Tickle.py Dev Diary #5
Long time no see! Long story short, I caught coronavirus and it put a spanner in my plans for quite some time but now i’m better and ready to get back to putting the finishing touches on Tickle.py!
In our last blog I finally got my model producing sound and my next steps would be to wrap and adapt the sound generation script into something slightly more user friendly than it currently is.
My plan at the moment is to edit some of the generate code using the argparse module to reduce the amount of commands required, mostly this will be done by setting default values for the variables. I might do a few experiments with the seed audio functionality built into the prism script later on down the line but this is not a main priority for the immediate future.
AND NOW FOR THE LOCAL ENVIRONMENT TESTS
As part of this project was to see if I could run this locally I made an attempt to run the TensorFlow generation model directly on my computer before creating the python wrapper to make sure that this is feasible. I then ran into some issues with my local computers anaconda environment, however thanks to a helpful github user I managed to solve my python issues!
With this and downloading a new CUDA library for my laptop’s graphics card, I managed to run the sound generation tensorflow script successfully.

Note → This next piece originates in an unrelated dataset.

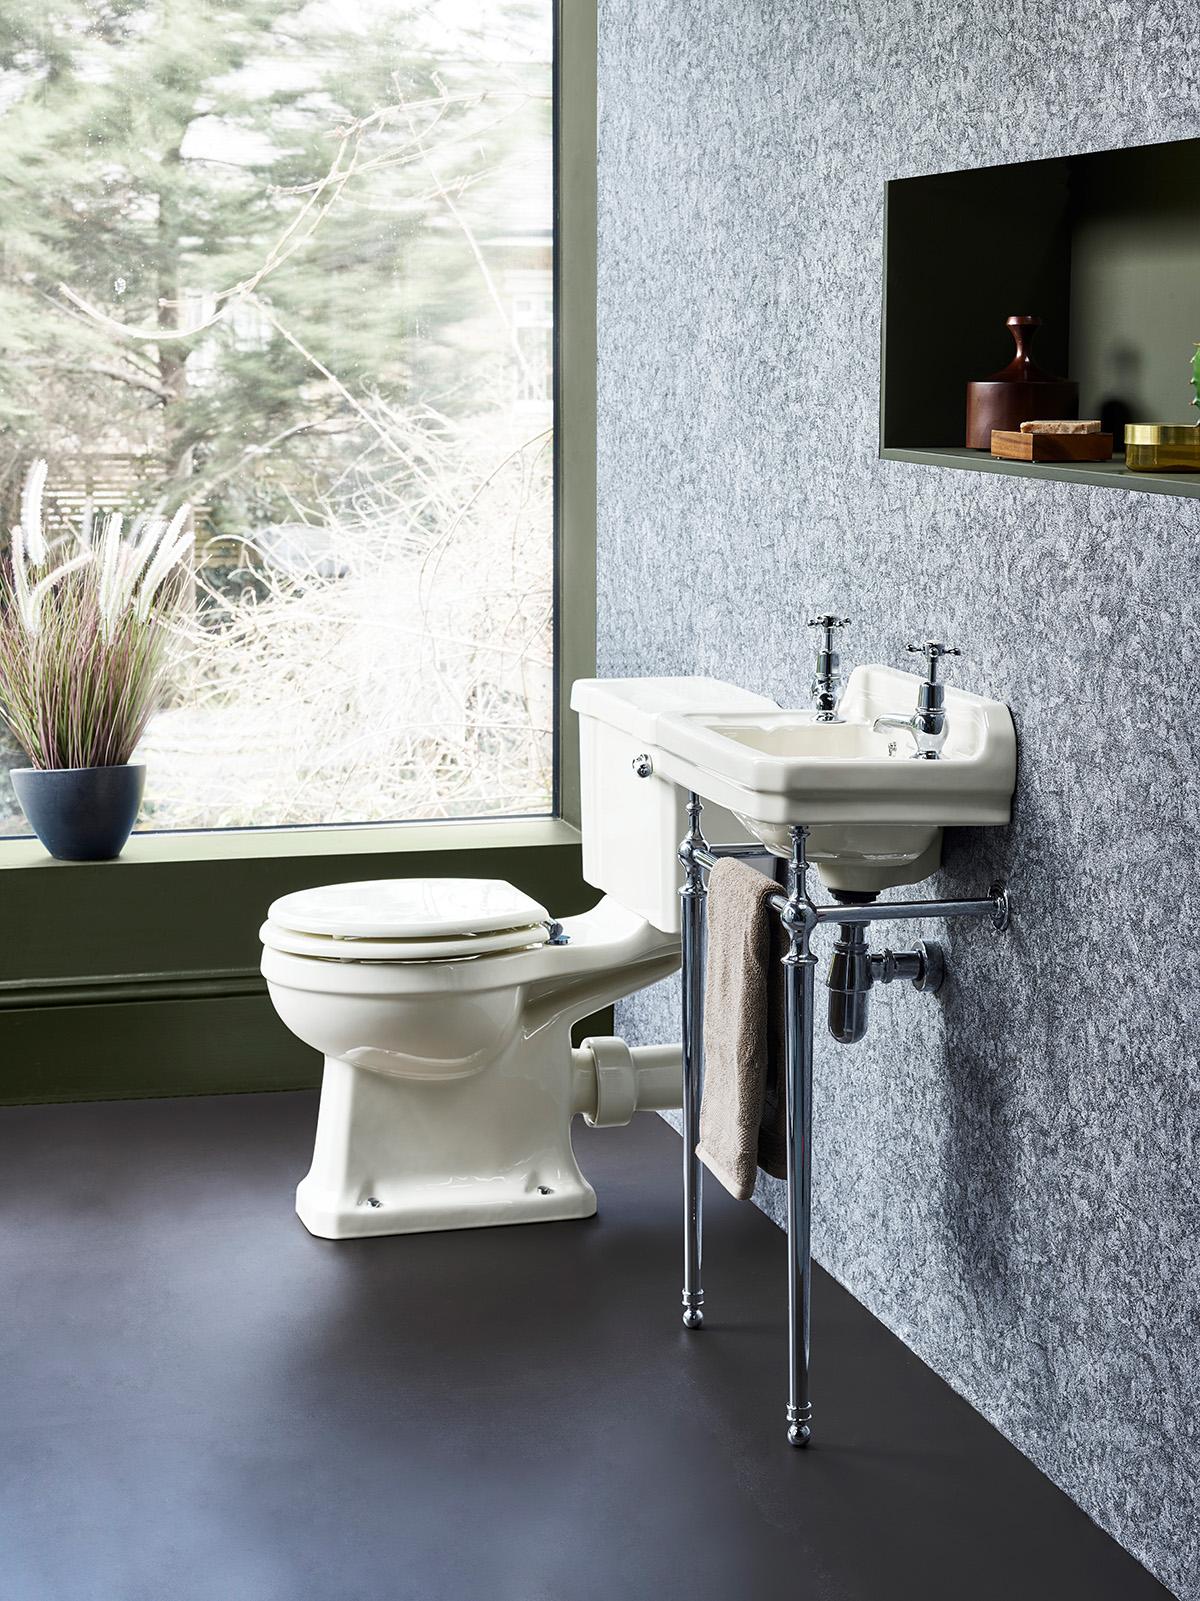 Medici_Cloakroom - Burlington Bathrooms 1200px.jpg

My first test was to generate 5 clips of 10 seconds on my laptop locally to compare. It took 3502.08 seconds to generate this at Epoch 12 of my model with a temperature of 0.95. This means it takes around an hour to generate 50 seconds worth of content. Meaning that even though I can run my model successfully on my computer, it would be best to continue using Google Colab to generate clips.
Narrowing Scope
The difficulty I ran into solving my Python environment and then the long time that it took my computer to generate the audio makes me feel that perhaps instead of a command line python script I should generate a python notebook that can run on more powerful computers remotely. I have seen this approach of avoiding running models remotely being used on other AI Art generation tools such as Midjourney and DALL-E (However I feel in those cases the intention is to maintain ownership of the model). I feel the upside of running a local environment is very minimal as with some small changes, power users can simply run the notebook on their own computers/ easily adapt the code to run on the command line instead of Colab.
In short, Changing my scope to a notebook fulfils my goal of creating an easy way to run my model as I think the wrapper is too much effort for something that is ultimately cosmetic.
Testing my Model
As I have generated some sound using this model, lets look into what my computer has generated as I am actually a bit disappointed by my results.
All of the outputs are very quiet and do not meet my criteria of triggering an ASMR response.
As you can see the above response is very quiet here and almost inaudible, below is a spectrogram I took of the output and the notebook that I used to generate it.
Even though my model was silent to my ears, it was producing something clearly when looking at the spectrogram. To investigate further I generated a spectrogram of one of the slices of training data I used to compare:
Firstly off the cuff, the file sizes are very different between my training data (11MB) and the output (312kb), this is probably due to the decreased sampling rate but it doesn’t explain why the above spectograph is so difficult to read which suggests that there is something wrong with my Jupyter notebook code as I would have expected the spectograph to look like the one below.
After messing around with a few different tutorials I eventually found a tutorial from dolby that allowed me to generate a normalized readable spectogram like the one above, which I then added some axis labels (And edited slightly to only sample 16kHz)
Now we can more accurately compare the training data and what was generated by the model
The vertical lines remain the same between the two different spectrographs for my local model and these are not present in the training data (Also for some reason the generated audio appears to be breaking the spectrograph by not filling in the data close to 8kHz in every instance of vertical audio discontinuity). This could possibly be due to running the model locally but let me check an output from my colab model so I can be sure as in my previous post I expressed worry about model overfit and these artefacts could also be because of that.
Looking at the lack of sudden vertical audio discontinuity in the above spectrograph and that it is from a model 10 generations younger, I can conclude that I have trained the model that I am using on my local device too much which is causing artefacts that are getting in the way of audio generation.
Conclusion
As I am moving away in this project from creating a local command line interface wrapper for my model primarily due to worry about machine processing power, my next goal is to find the best epoch to generate ASMR content from and then afterwards streamline the python notebook!